A combinator Y that, for any term f in the lambda calculus, we have f (Y f) = Y f. Or in other words, it is a combinator that, when given any lambda term f as input, returns a fixed point x for f, i.e. f x = x. The first such combinator was found by Haskell B. Curry and is known as the Y combinator or Y operator.
This combinator is defined as follows:
Y = λf.(λ.x.f(x x))(λ.x.f(x x))
It is a simple exercise to show that it acts as a fixed point combinator as described above, however, it is only valid for lambda-equality and produces certain difficulties when reduction is performed (Try to perform reduction on f (Y f)... at some point a backwards beta reduction needs to be performed). Another fixed point combinator T was found by Alan Turing that doesn't have this undesirable property:
T = (λx.λy.y (x x y)(λx.λy.y (x x y))
Yet another fixed point combinator, which is very useful because it is the shortest known one when converted to the S and K basic combinators, is:
Y' = (λ.x.λ.y.xyx)(λx.λy.(x(λ.x.λ.y.xyx)yx)))
In terms of the S and K combinators this is:
Y' = SSK(S(K(SS(S(SSK))))K)
12 terms, as opposed to 18 terms for Curry's fixed point combinator and 20 terms for Turing's.
These combinators are useful because they allow one to define recursive functions without the need for names. For example, the factorial function:
fact(n) = if (iszero? n) then 1 else n*fact(pre n)
(iszero? is a function returning true for n=0, and pre is a function that returns one less than its argument). We can transform this into:
fact = λn.if (iszero? n) then 1 else n*fact(pre n)
which we can also write this way:
fact = (λf.λn.if (iszero? n) then 1 else n*f(pre n)) fact
Now fact has been expressed as a fixed point of this function:
F = λf.λn.if (iszero? n) then 1 else n*f(pre n))
So we can define the factorial as:
fact = Y λf.λn.if (iszero? n) then 1 else n*f(pre n))

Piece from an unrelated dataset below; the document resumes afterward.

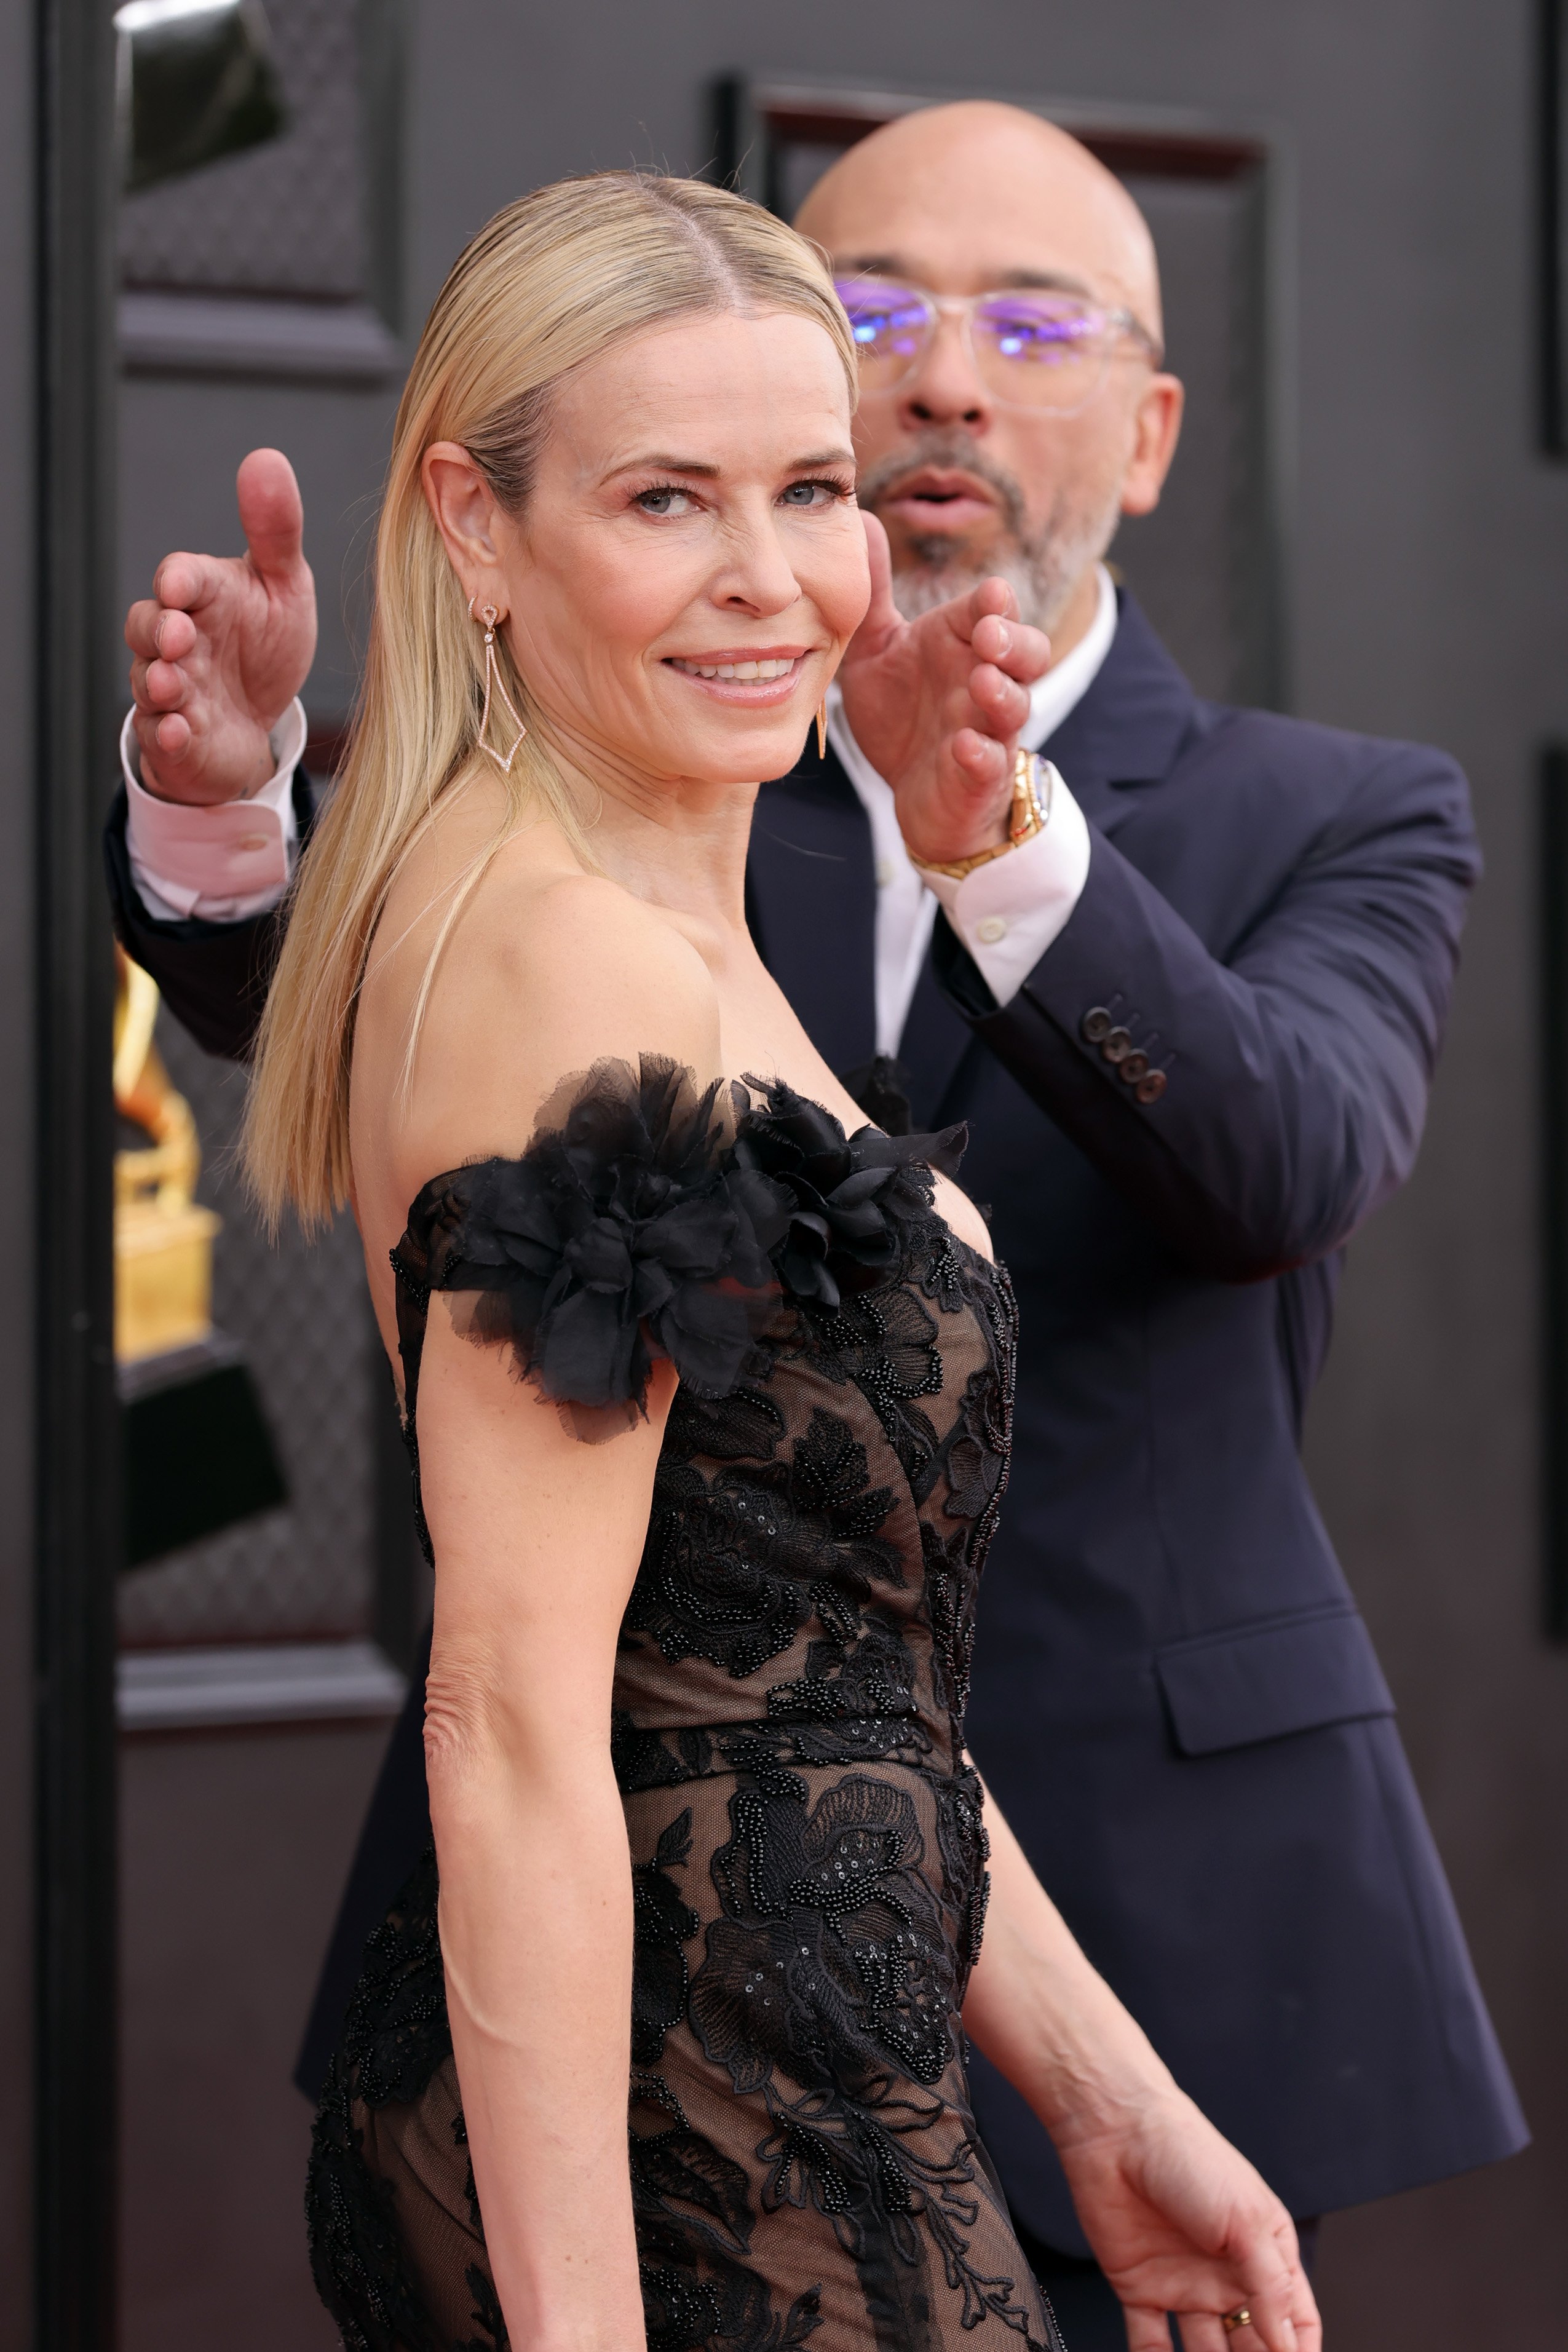 Jo Koy helps girlfriend, Chelsea Handler fix her hair on the red carpet at the Grammy Awards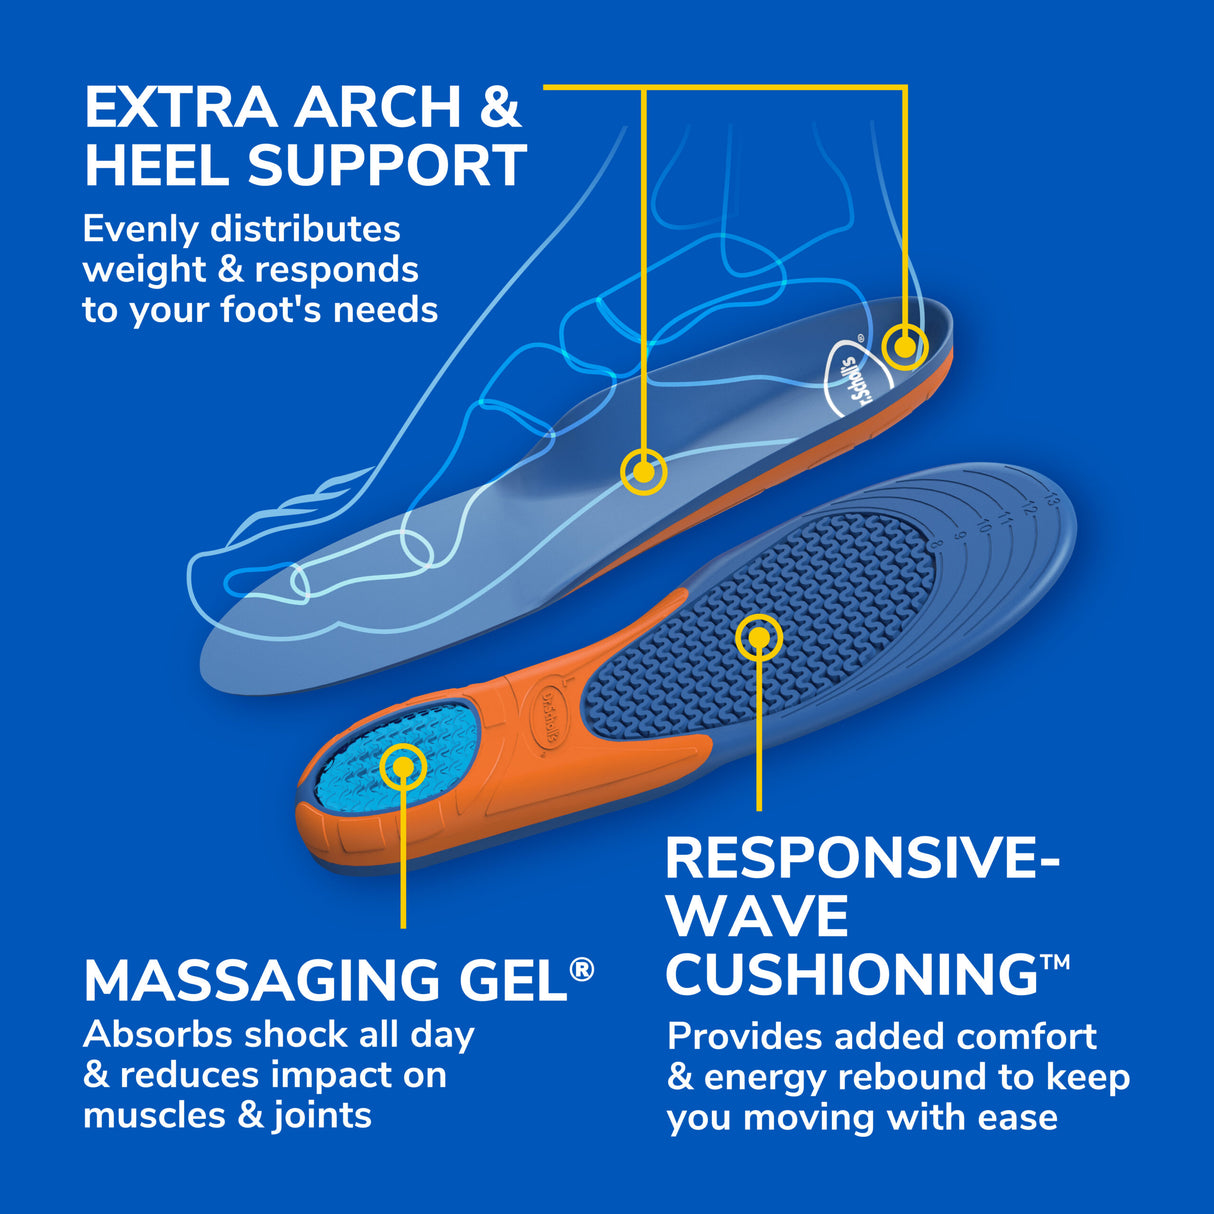 image of extra arch and heel support, massaging gel, responsive wave sushioning

Note that this only works if the functional language implementing this uses call by need semantics (lazy evaluation), or call by name semantics (normal order evaluation), such as Miranda or Haskell. In a functional language that uses call by value semantics (eager evaluation or strict evaluation), fixed point combinators won't produce recursive effects because their arguments are evaluated before the body, resulting in an infinite loop. For instance, doing strict evaluation on: Y f produces f Y f, which when evaluated will evaluate Y f before attempting to evaluate f, which will then produce f f Y f, and so on and on forever, or until recursion is terminated by memory exhaustion. Special steps need to be taken in order to provide for fixed point combinators in such languages.